You are viewing a plain text version of this content. The canonical link for it is here.
Posted to user@nutch.apache.org by Yulio Aleman Jimenez <yu...@uci.cu> on 2016/04/29 22:47:32 UTC
Priorize links in Fetching Step
Hi.
I'm using Nutch 1.9 with Solr 4.10 in a local environment.
I need a way to priorize some links in the Fetching Steps, through filtering the new links identified in the last crawls by some criterias, for example the extension of the resource. The goal is priorize images, documents, etc, before HTML pages in crawling process.
Is there any property in nutch-site.xml or any plugin capable to do this?? How can I do this???

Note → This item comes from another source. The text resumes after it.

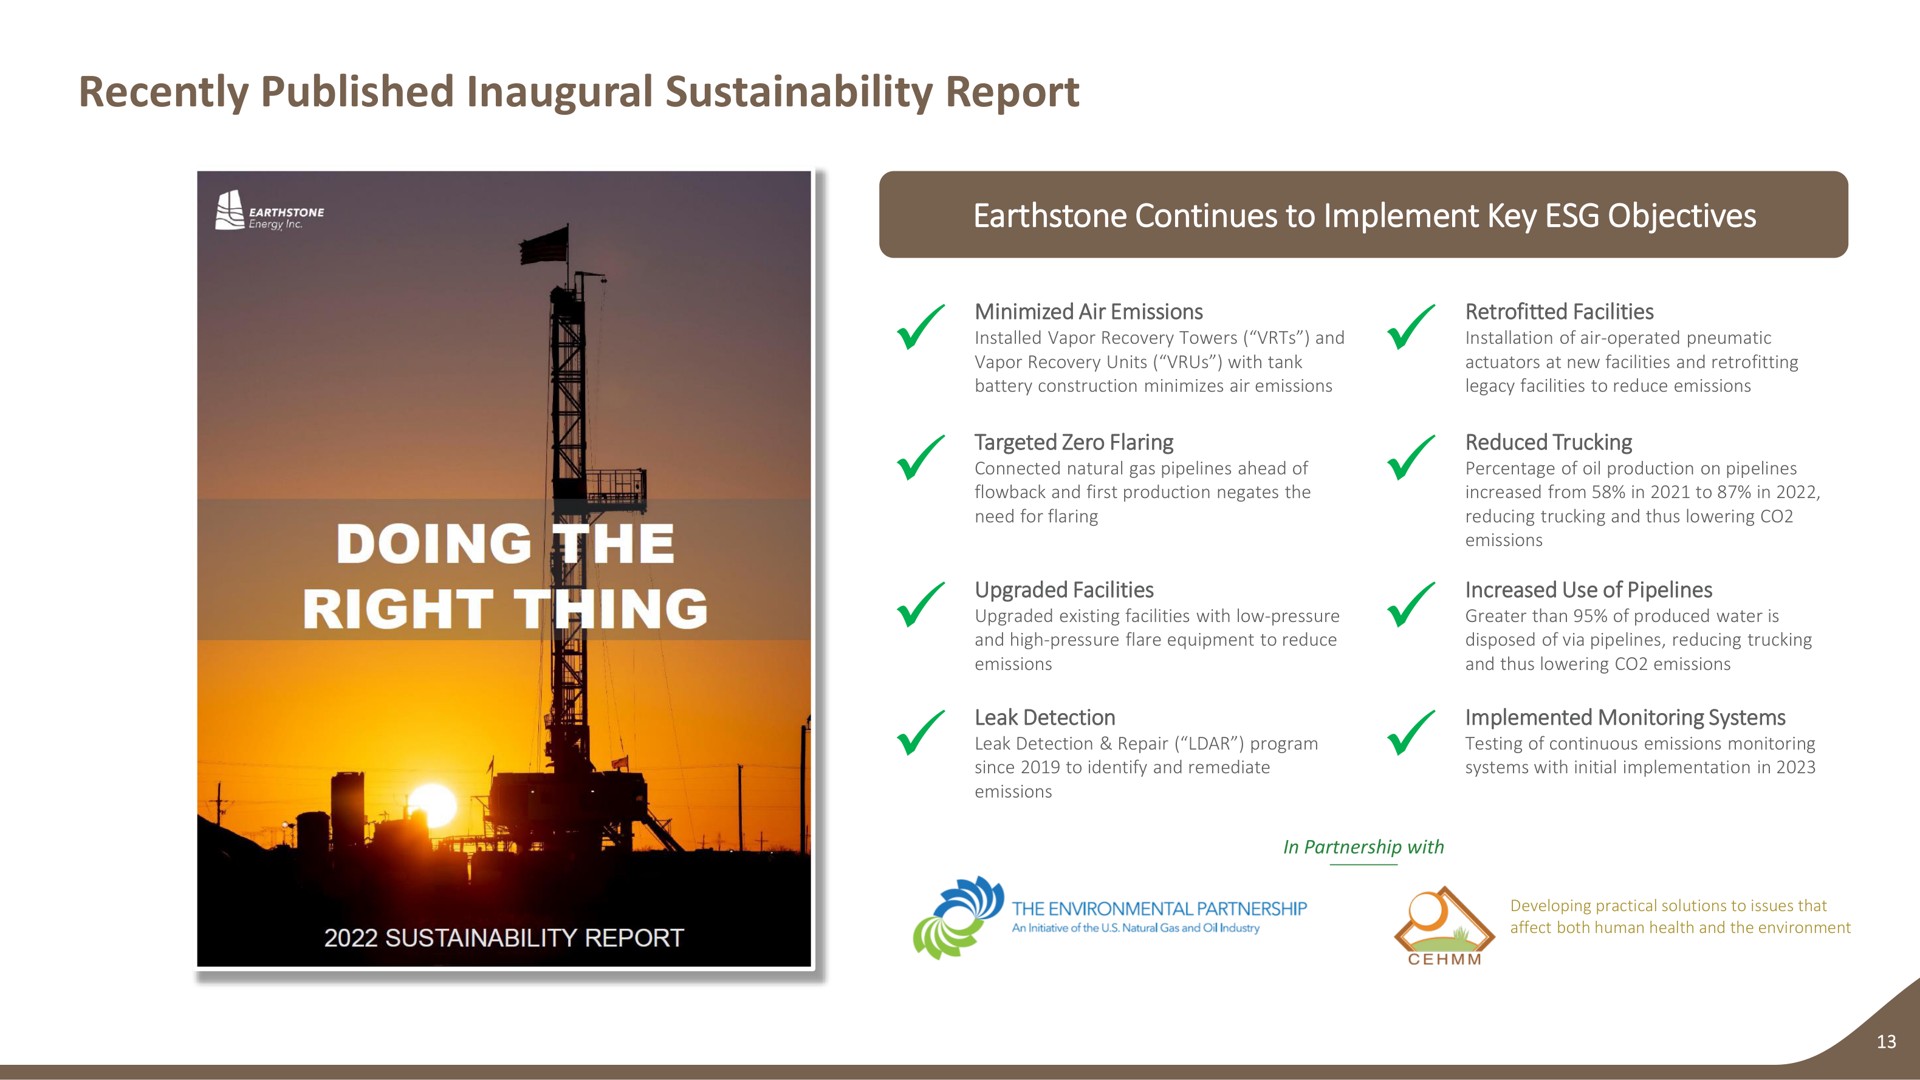 recently published inaugural report continues to implement key objectives minimized air emissions facilities targeted zero flaring reduced trucking upgraded facilities increased use of pipelines leak detection implemented monitoring systems doing the | Earthstone Energy

I accept any sugestion, or some source code snippets for creating a new plugin for nutch.
Best regards
--
Ing. Yulio Aleman Jimenez
Dpto. Soluciones Informáticas para Internet. CIDI
Universidad de las Ciencias Informáticas (UCI)
-----------------------------------------------------------------------------------------------------------------------------------
"Podrán morir los hombres, PERO JAMÁS SUS IDEAS"
La UCI presente este 1ro. de Mayo en la Plaza de la Revolución
junto a todo el pueblo.¡Por Cuba: Unidad y Compromiso!